A core idea of romanticism is that art is a spontaneous creative impulse, generally created by nature,
that must be captured.

Wordsworth was very ambivalent toward cities, and considered nature important for an individual’s
spiritual development. An almost animistic set of beliefs? The Lake District became a kind of home
for Wordsworth, as it’s basically the only patch of nature in England. Blake had similar ideas.
Pantheism, that’s what it’s called. The romantic conception of death is a return to nature, the
physical body broken down into its constituent parts and redistributed through the world, becoming
one with the cosmos. “Gods are difficult, but the Earth is holy.”
There is a quasi religious joy in the world and nature taken by the romantics.
There is a degree of conservatism to romanticism, but not really in the sense we’d think of them in
the modern day?

Coleridge and Wordsworth became friends and wrote ballads together.

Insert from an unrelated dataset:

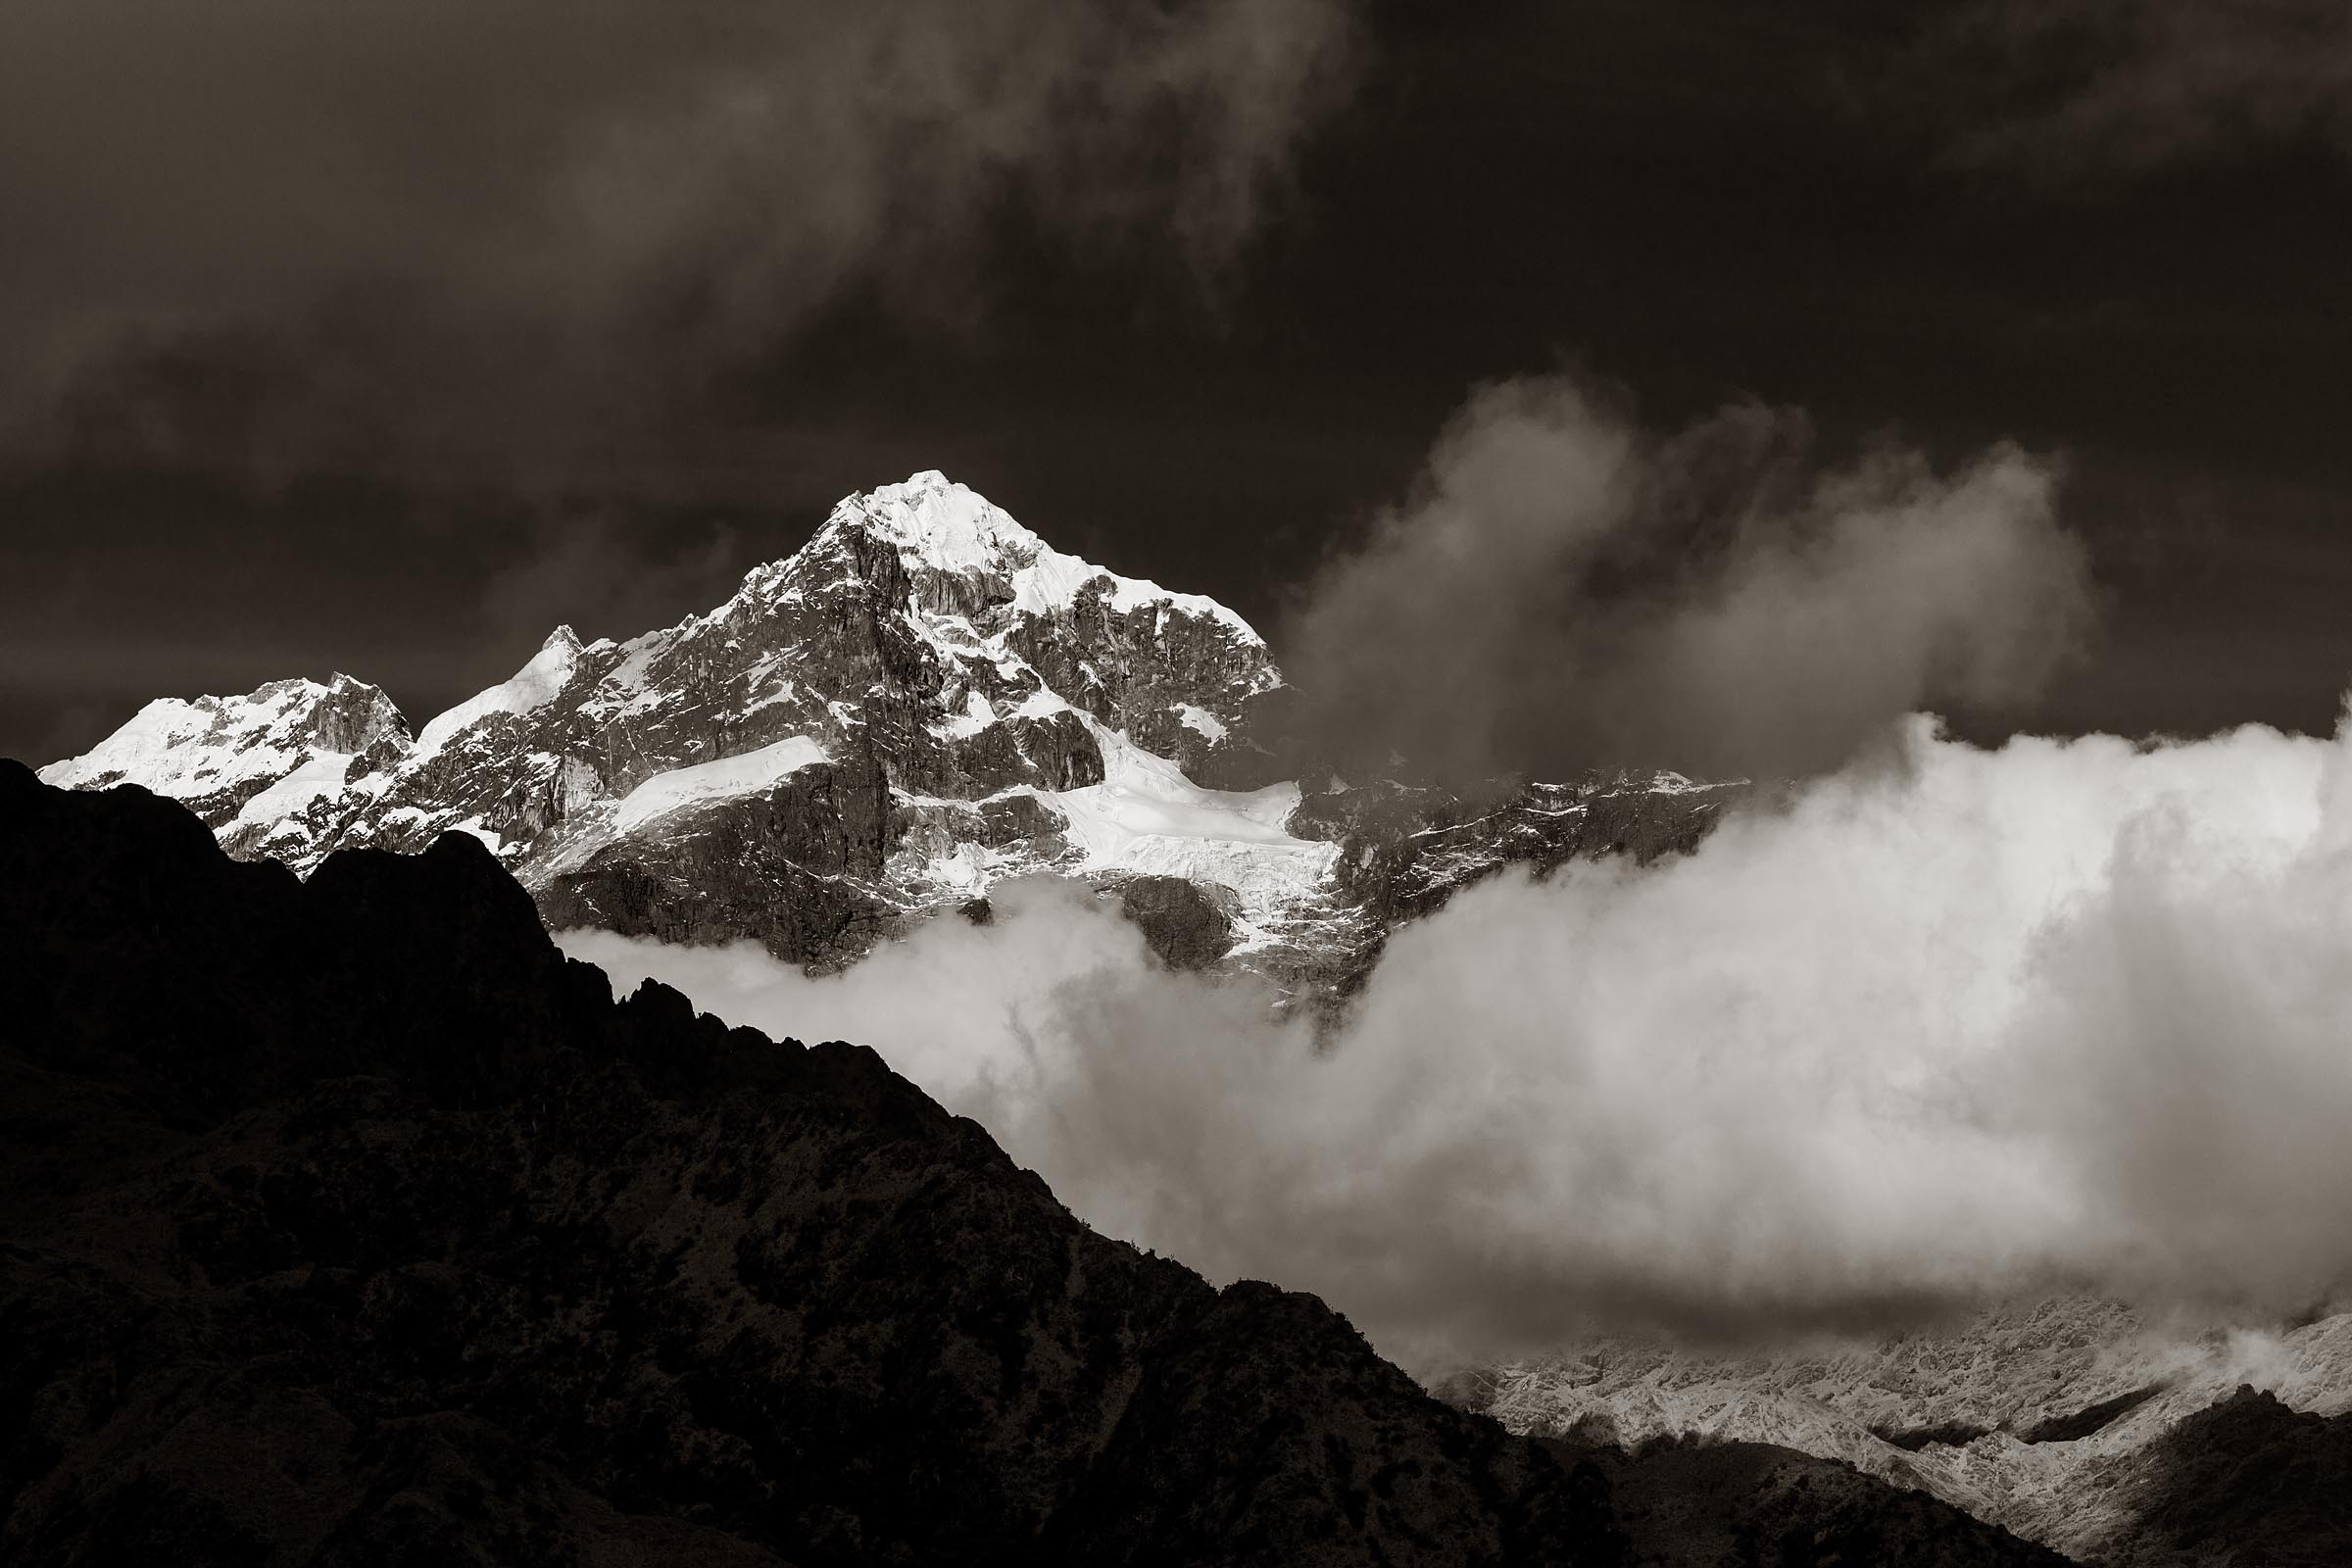 Spetactular views along the Inca Trail.

The romantics disrupted the social order of the time. Wordsworth wrote poems from the
perspective of disabled people (having actually spoken to them!) and of children, breaking down the
norms of poetry at the time by writing about people who it wasn’t “for.”
Wordsworth’s Old Man Travelling, before he revised it, is an excellent example of this, where the
poetic form runs counter to the reality of the subject’s situation.

(I believed you) William Blake

 What is this man’s deal what is up with him. As above so below?


 Blake was a weird little Hermetic scrunkly man
 He had weird bizarre gods and ideas that were weirdly Jungian?
 He believed that human nature was bound up in established and corrupted religions.
 A Poison Tree is something of a riposte to Milton, to having Gods that know the rules will be
broken and have disdain for natural behaviours. The apple is Christianity?
 To Blake Jesus was an earthly manifestation of holiness so he was cool, while those aspects
of God that don’t do that are Not.
 Blake believed there was something holy about innocence. See The Garden of Love and
Infant Joy.
 He was very adamant about how important it is for children to be able to play.
 Blake makes frequent use of the symbols of binding.